Produce as accurate a forecast as possible for the next two months for fortified wine sales.
fortifiedTS <- ts(AusWines$Fortified, start=c(1980,1), frequency=12)
yrange <- range(fortifiedTS)
xrange <- range(AusWines$Month)
plot(fortifiedTS, xlab = "Year", ylab = "Fortified Wine Sales")
valid.Length <- 12
train.Length <- length(fortifiedTS) - valid.Length
fortified.Train <- window(fortifiedTS,end=c(1980,train.Length))
fortified.Valid <- window(fortifiedTS,start=c(1980,train.Length+1),end=c(1980,train.Length+valid.Length))

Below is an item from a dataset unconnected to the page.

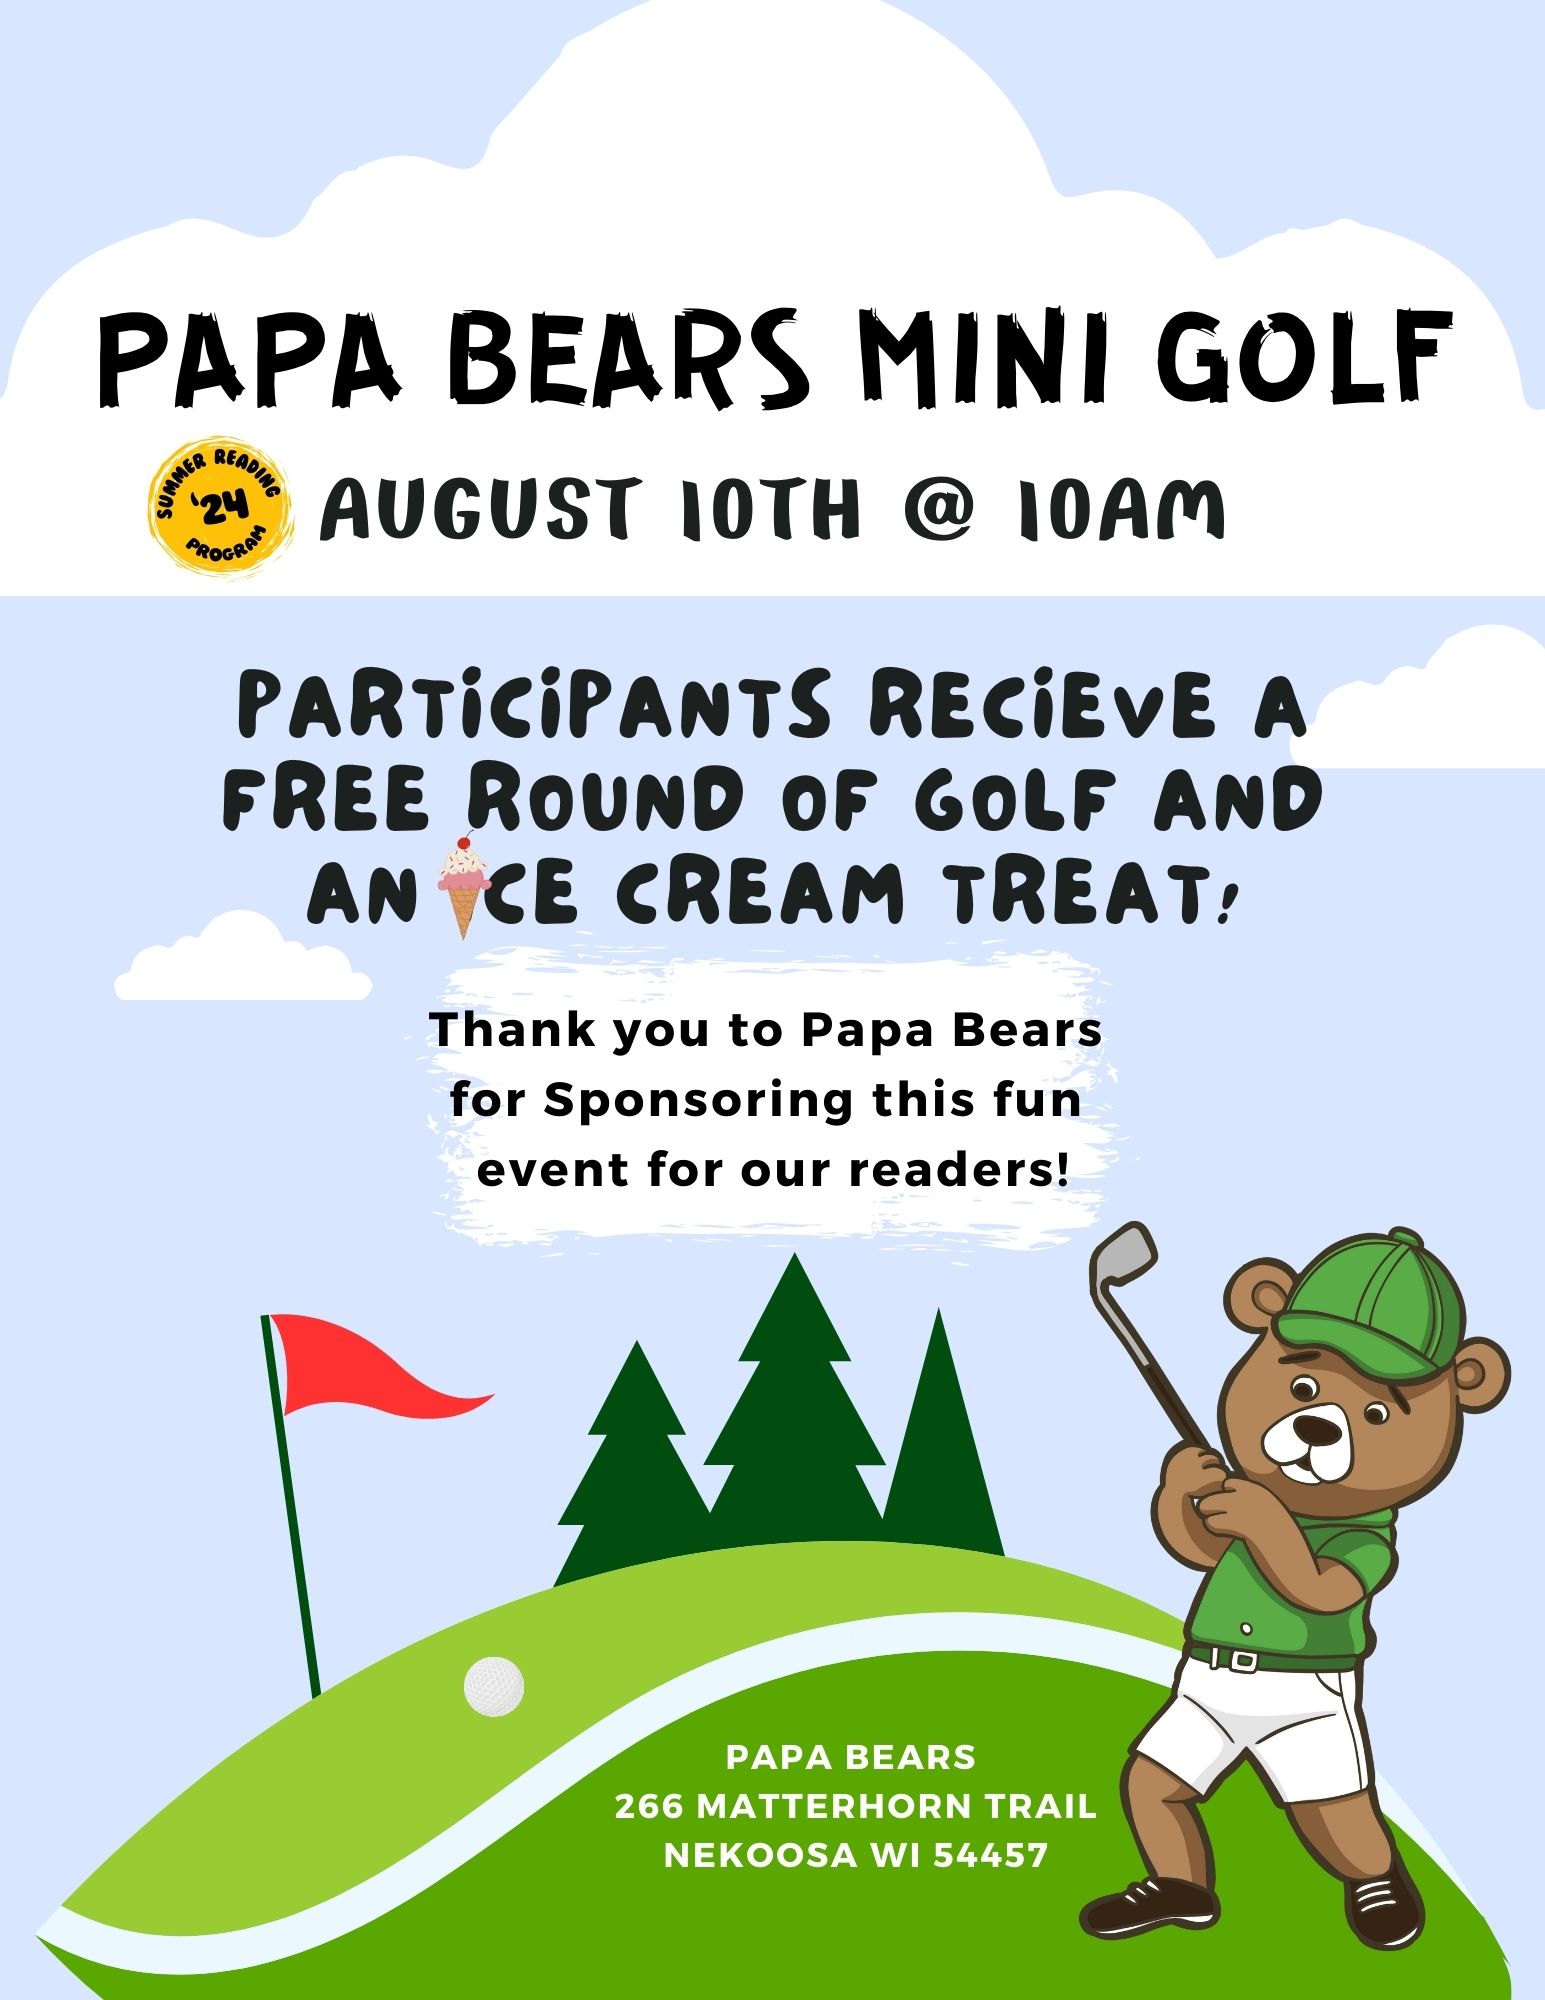 Papa Bears Mini Golf 266 Matterhorn Trail, Nekoosa, WI 54457

sesFortified <- ets(fortified.Train,model="ZZZ",restrict=FALSE, allow.multiplicative.trend = TRUE)
sesFortified
## ETS(M,M,M)
##
## Call:
## ets(y = fortified.Train, model = "ZZZ", restrict = FALSE, allow.multiplicative.trend = TRUE)
##
## Smoothing parameters:
## alpha = 0.0203
## beta = 1e-04
## gamma = 1e-04
##
## Initial states:
## l = 4039.3422
## b = 0.9965
## s=1.1306 1.0327 0.8852 0.9611 1.2728 1.3569
## 1.1372 1.1133 0.9631 0.862 0.6926 0.5926
##
## sigma: 0.0876
##
## AIC AICc BIC
## 2892.668 2896.541 2946.566
sesFortifiedOpt <- ets(fortified.Train, model = "MMM", alpha = 0.02)
sesFortifiedOpt
## ETS(M,M,M)
##
## Call:
## ets(y = fortified.Train, model = "MMM", alpha = 0.02)
##
## Smoothing parameters:
## alpha = 0.02
## beta = 1e-04
## gamma = 1e-04
##
## Initial states:
## l = 4081.2317
## b = 0.9964
## s=1.1253 1.044 0.8885 0.9475 1.2629 1.3737
## 1.1428 1.118 0.9565 0.8577 0.699 0.5841
##
## sigma: 0.0872
##
## AIC AICc BIC
## 2889.229 2892.650 2939.957
sesFortifiedPredictions <- forecast(sesFortifiedOpt,h=valid.Length,level=0)
sesFortifiedPredictions$mean[1:2]
## [1] 2051.842 1917.207
plot(sesFortifiedPredictions,bty="l")
accuracy(sesFortifiedPredictions$mean[1:2],fortified.Valid[1:2])
## ME RMSE MAE MPE MAPE
## Test set 231.4753 266.806 231.4753 9.986598 9.986598
plot(sesFortifiedPredictions$residuals,xlab="Year",ylab="Forecast Error",bty="n",xaxt="n")
axis(1, at=seq(1980,1995,1), labels=format(seq(1980,1995,1)))
abline(h = 0)
title("Exp Smoothing Forecasting Errors (Training Data)")
Based on this plot, which of the following statements are reasonable? The first three statements are reasonable. The last is not because the Holt-Winter’s method accounts for seasonality.
How can you handle the above effect with exponential smoothing? You can try adjusting the three smoothing constants to optimize the forecasts.
The double-seasonal Holt-Winter’s method by Taylor could be used if there are more than two seasonal cycles.